Jackpot! Last night I found a 25 page beginning to a book Anita was writing. It’s a personal memoir written in 2006 that uses our house as a metaphor for her life. I will be sharing it in pieces. It’s maybe her best writing ever.
The Family Room
7/8/06 – 3:04 am
This is one of my favorite times of the day. I tend to pay a hefty sleep-deprived price to experience the languorous quietness of these wee hours, but more often than not I just can’t resist. My days are filled with work and deadlines and partners’ and clients’ needs, concerns and desires. My nights, such as they are, are consumed with my children’s needy pleas for their mother’s attention – a treasure they get too precious little of. My husband generally gets what’s left after the job and the kids – sometimes an attentive ear for an hour or so about his day, his challenges, his dreams. I love it all. It makes me who I am. Problem is, there’s not much left for me.
So it’s times like this when I get to be “me.” I read frivolous chick-lit. I surf the Internet, researching arcane subjects like the rise of globalization and the peak oil theory. I plan our financial lives like a grand maestro – how are we going to afford that trip to Disneyworld? Well, if I save $100 every month for 19 months, then …. And college. And weddings. And what if Ben wants to own a car repair shop instead of going to college? Does the Nevada 529 plan provide that flexibility?

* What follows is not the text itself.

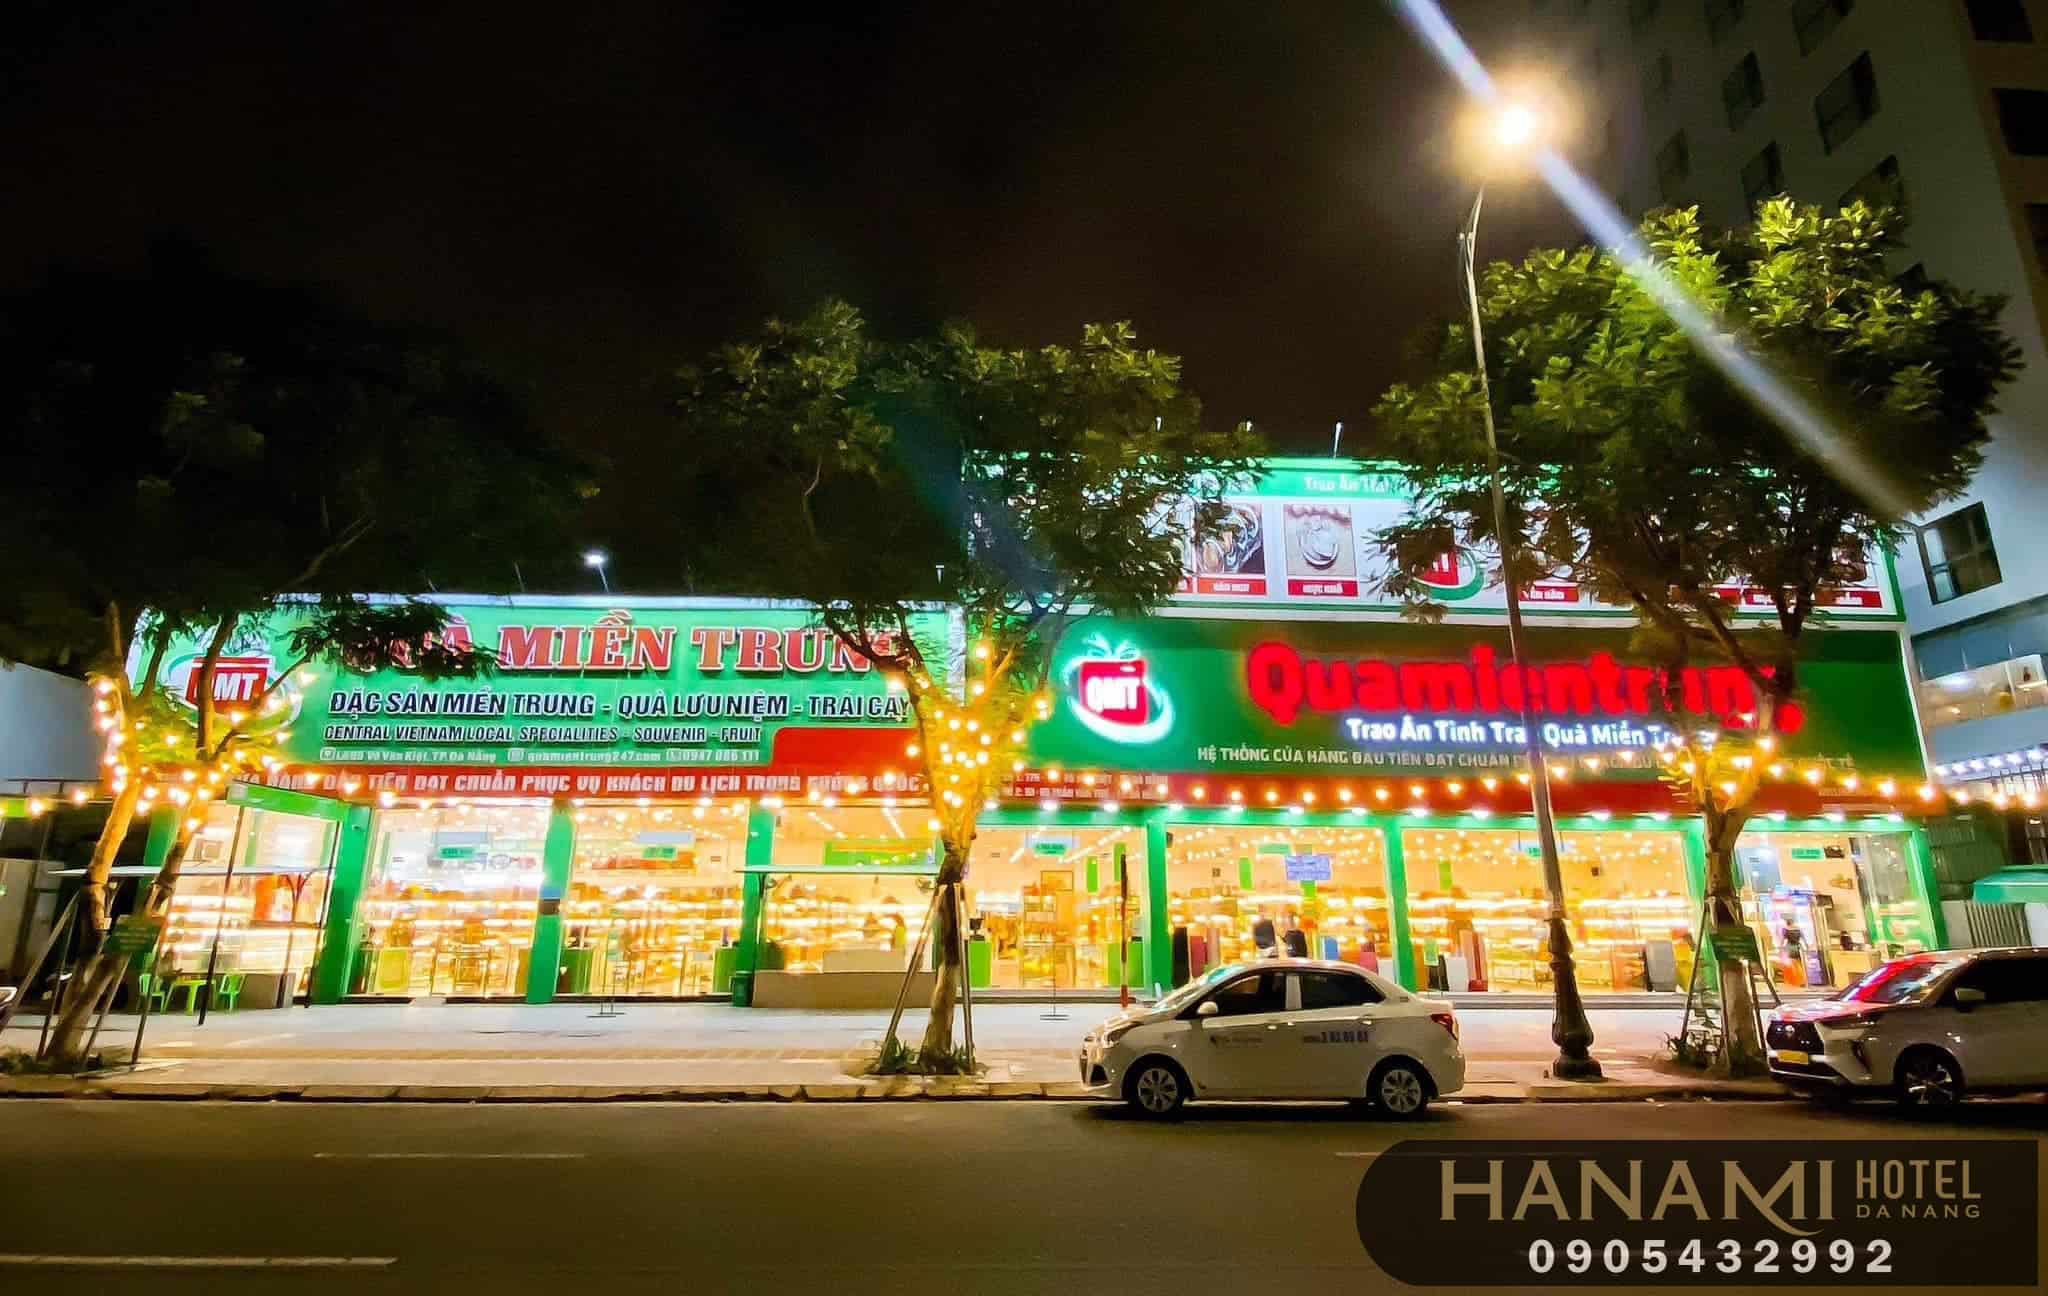 Best Specialty Store in Da Nang

But one of the best parts of this time is my ability to live in my House. I mean, just live in It. I walk around, running my hand along the rustic graininess of the dining room table I fell in love with months ago in Cost Plus World Market. My gaze drifts to the artificial sunflower arrangement, placed just so on the sofa table behind the living room couch, well within the sight-line of the sunflower-drenched kitchen area such that the two rooms are subtly and thematically joined yet still stand alone. The library’s obscenely expensive floor covering ended up costing easily twice as much as I intended, but I recline, catlike, in its soft plushness and am assured it was well worth the trouble. Even now, a good 4-5 months since we moved in, I’m still astounded at how unfinished the House appears. The dining room table beckons to no one, as it’s surface is quite hidden under the canopy of my vagabond stemware (where am I going to put that stuff?) and I still suffer from nervous eye twitches each time I see that big IKEA bookcase that I loathe, awkwardly propping up a corner of the family room. The previous owner painted a faux rope above a picture she had hung on the wall. In reality, the picture hung from a string behind it, but the painted “picture hanger” was a nice effect. The picture, however, is long gone – the painted effect remains.

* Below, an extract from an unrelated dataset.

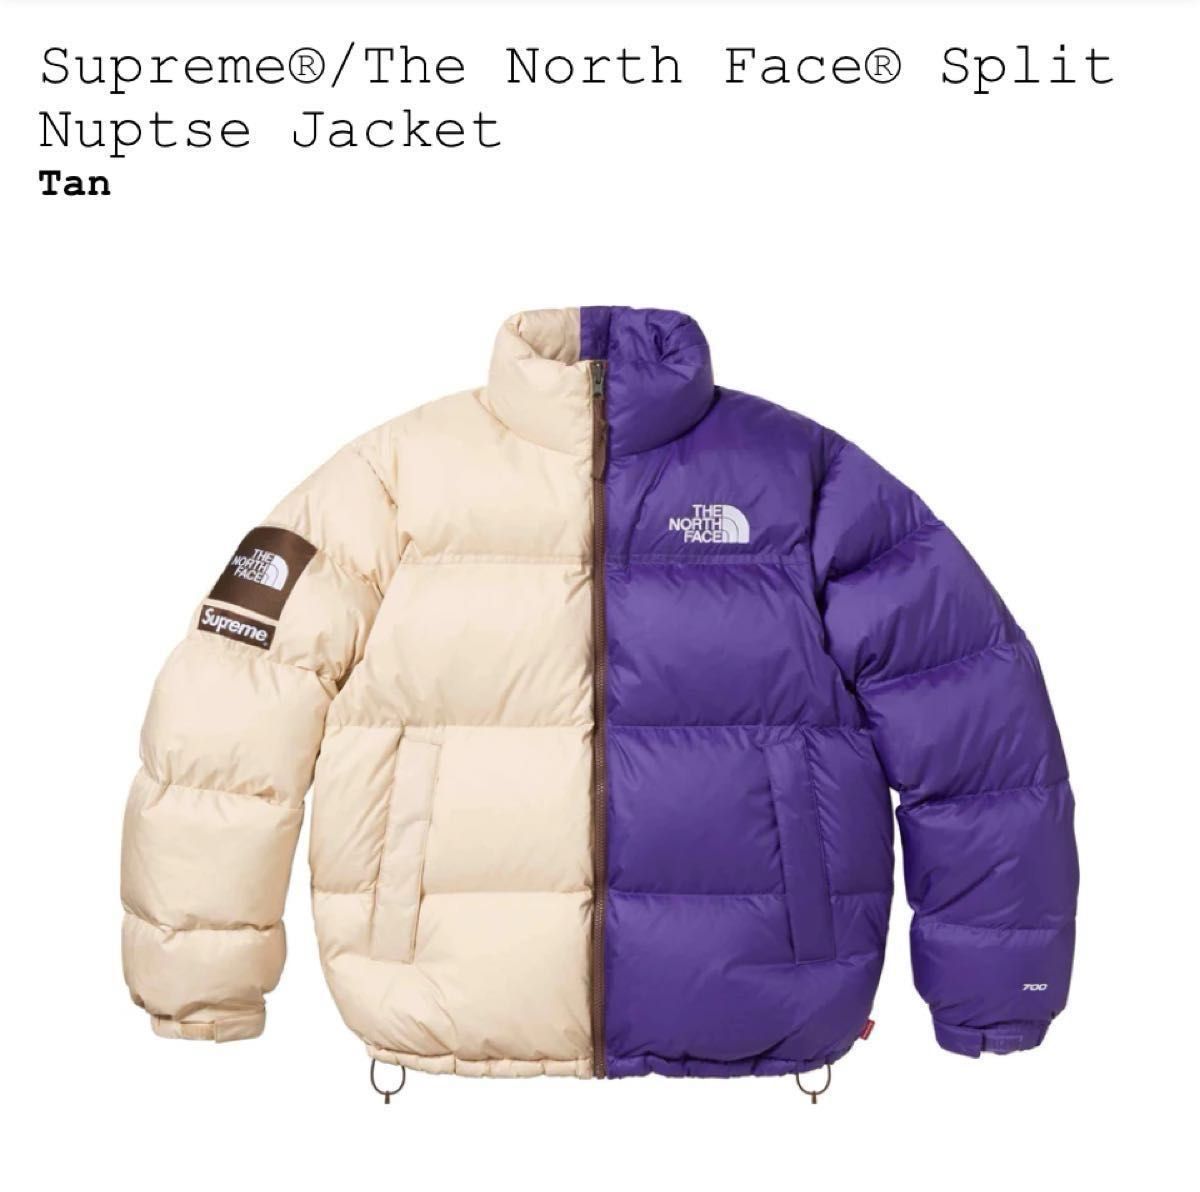 Supreme The North Face Split Nuptse Jacket Tan size M 24 S/S

But isn’t a House just like that? It unfolds slowly, carefully, and in its own time. It has a language all its own that speaks to you – whispers is more like it – a little at a time as you live in it, work in it, play in it. It holds its secret design plans close to the vest. The House – if it’s the right House for you, that is, and when we refer to it as a House with a capital H we can pretty safely assume that it is the right House for you – does, indeed, hold the perfect interior layout for the natural flow of you and your family. That chair should be placed just so so your father can recline and nap near the warmth of the fireplace in the winter and see the beauty of the outdoors from the wide living room picture window in the summer mornings. Your daughter’s art table should rest several feet behind the sofa so she has space to create, but also so Ben has his room to run. Oh yes, your House knows this. It knows, in its bones, how It should be filled and arranged to most perfectly facilitate the flow and breath of your family. But It won’t tell you – at least not all at once. You’ve got to live It. You’ve got to make mistakes, then learn from them. If you can just trust and have faith in the process, the House itself will reveal its pre-destined design. But you’ve got to believe.
And be willing to wait on it.







She was an amazing writer, so wise and wonderful! I love your House. I love more the lives that inhabit it.